### [Data block]
○ ○ ○ ○ ○ ○ ○

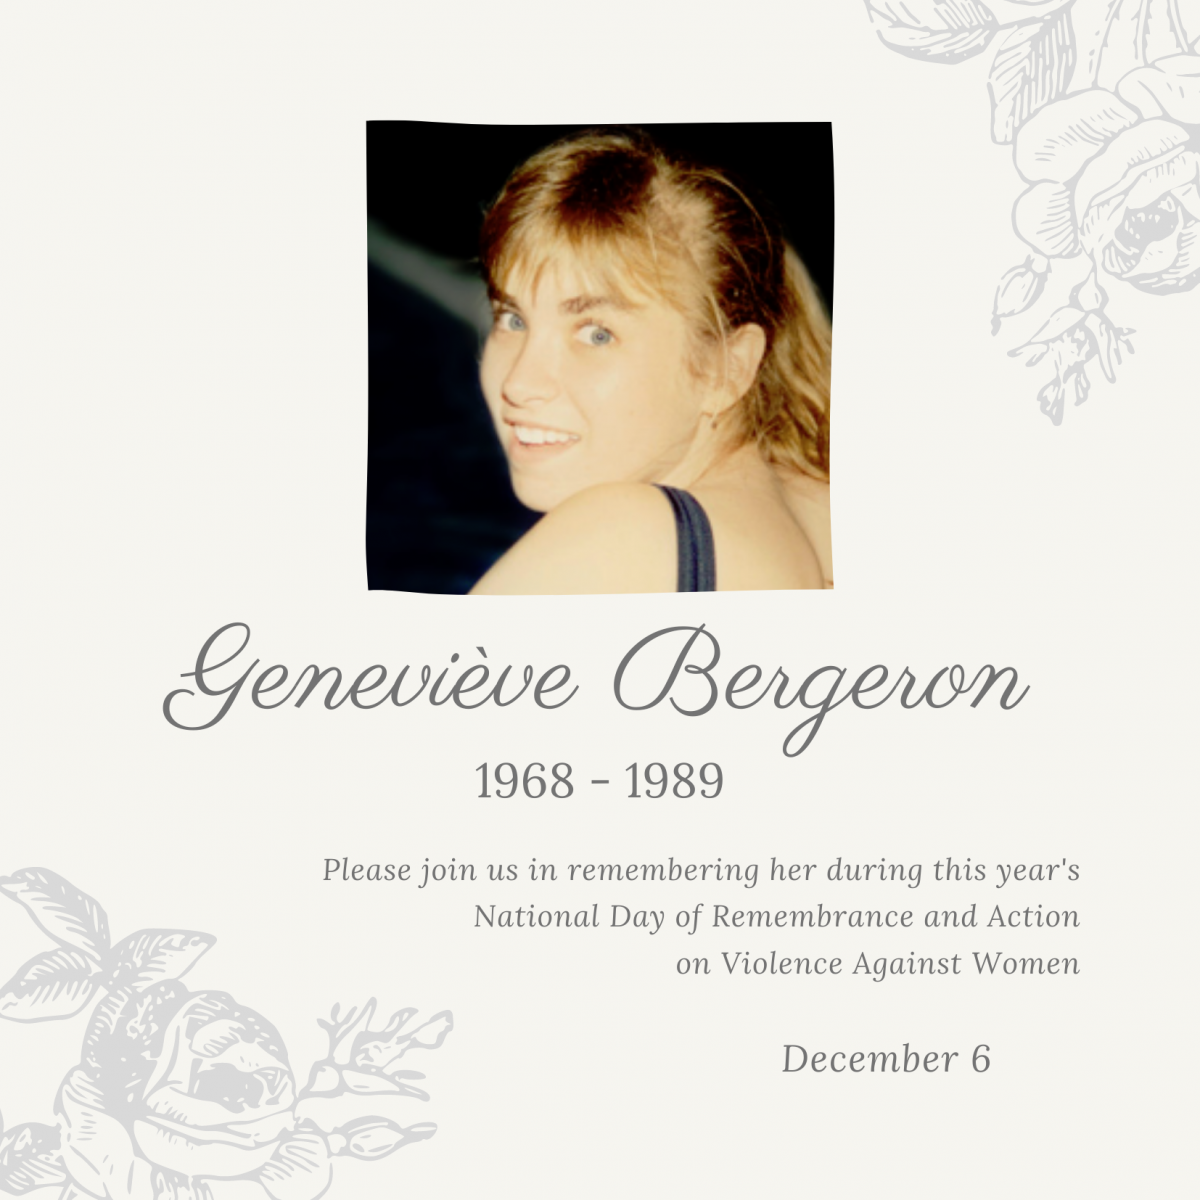 Geneviève Bergeron. 1968 to 1989.
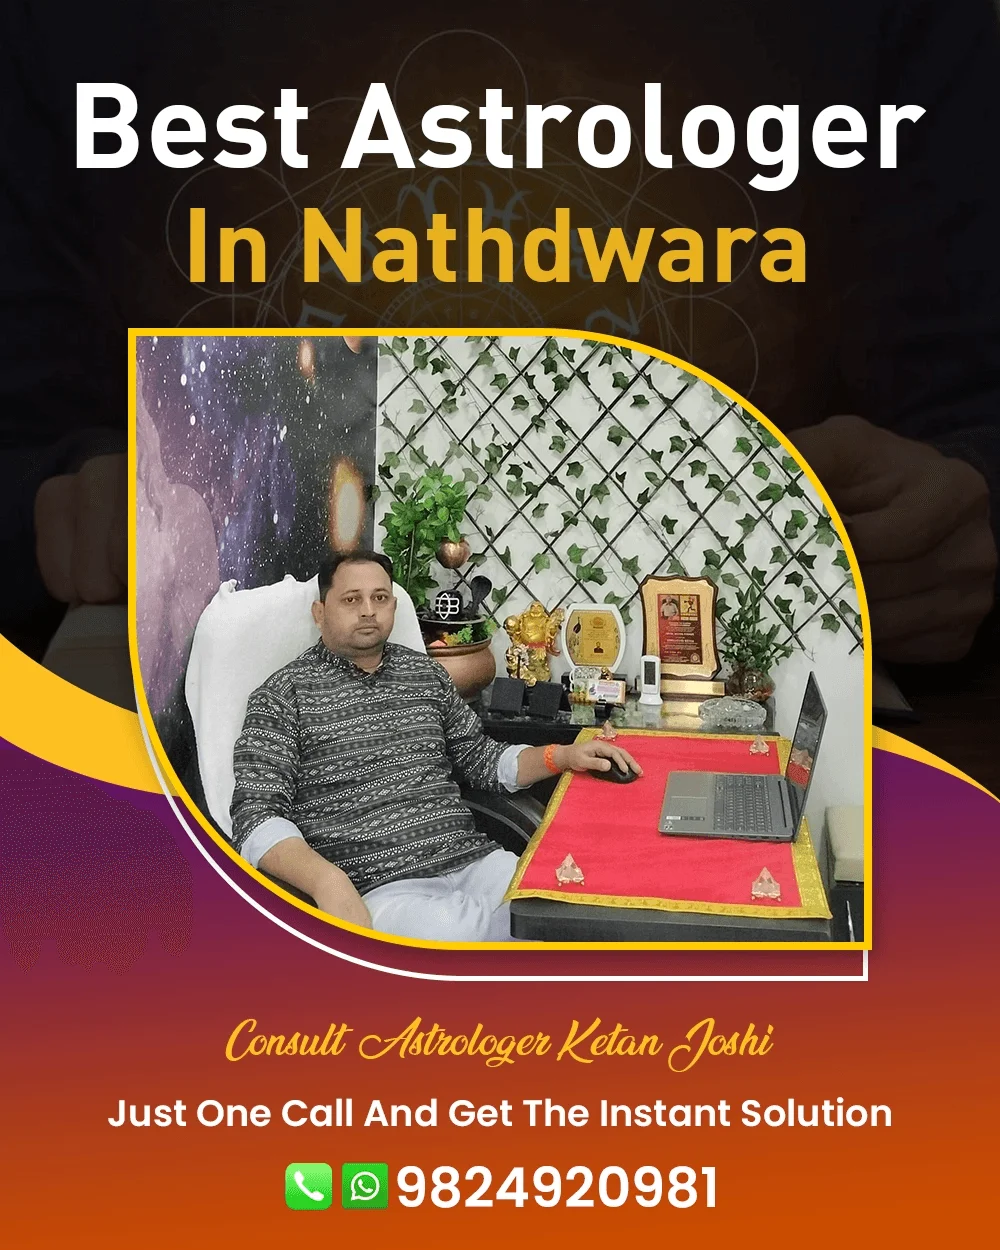 Best Astrologer In Nathdwara
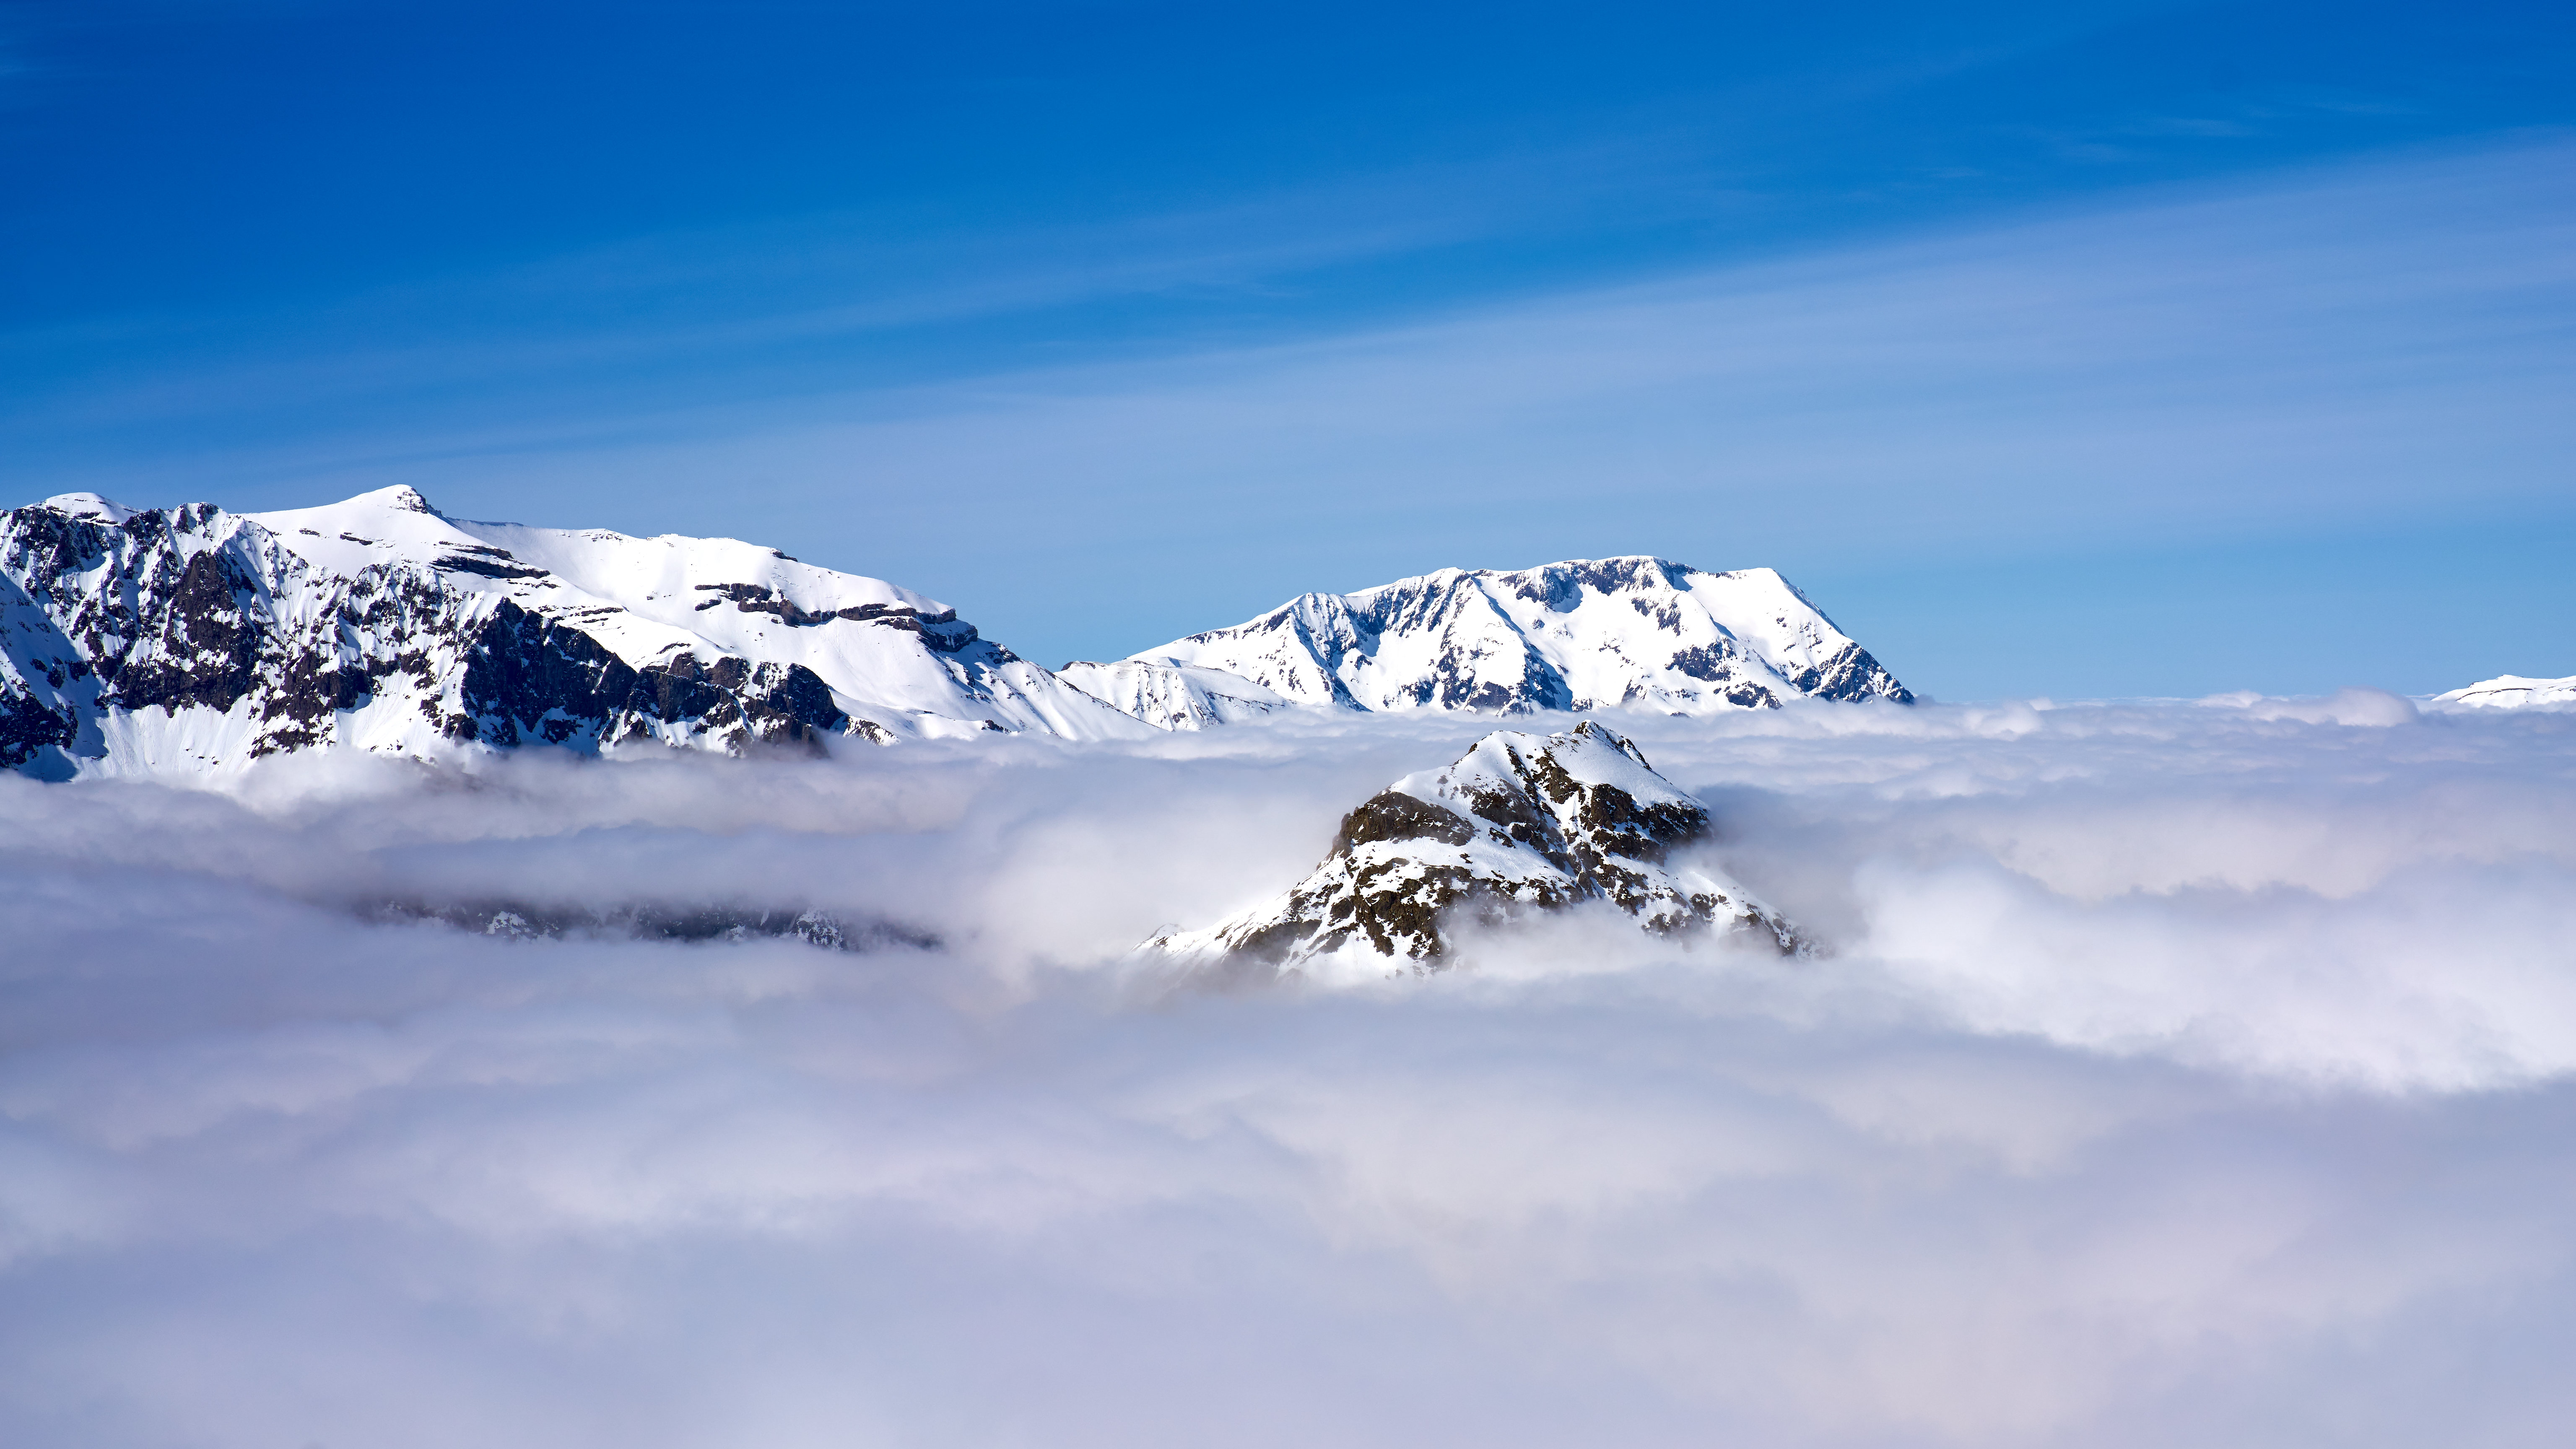 General 6144x3456 mountains clouds snow snowy peak sky Alps France landscape nature

○ ○ ○ ○ ○ ○ ○

In transcribing the listing, keep each word as it is and drop the pictures.

 Geneviève Bergeron. 1968 to 1989.
 Best Astrologer In Nathdwara
 General 6144x3456 mountains clouds snow snowy peak sky Alps France landscape nature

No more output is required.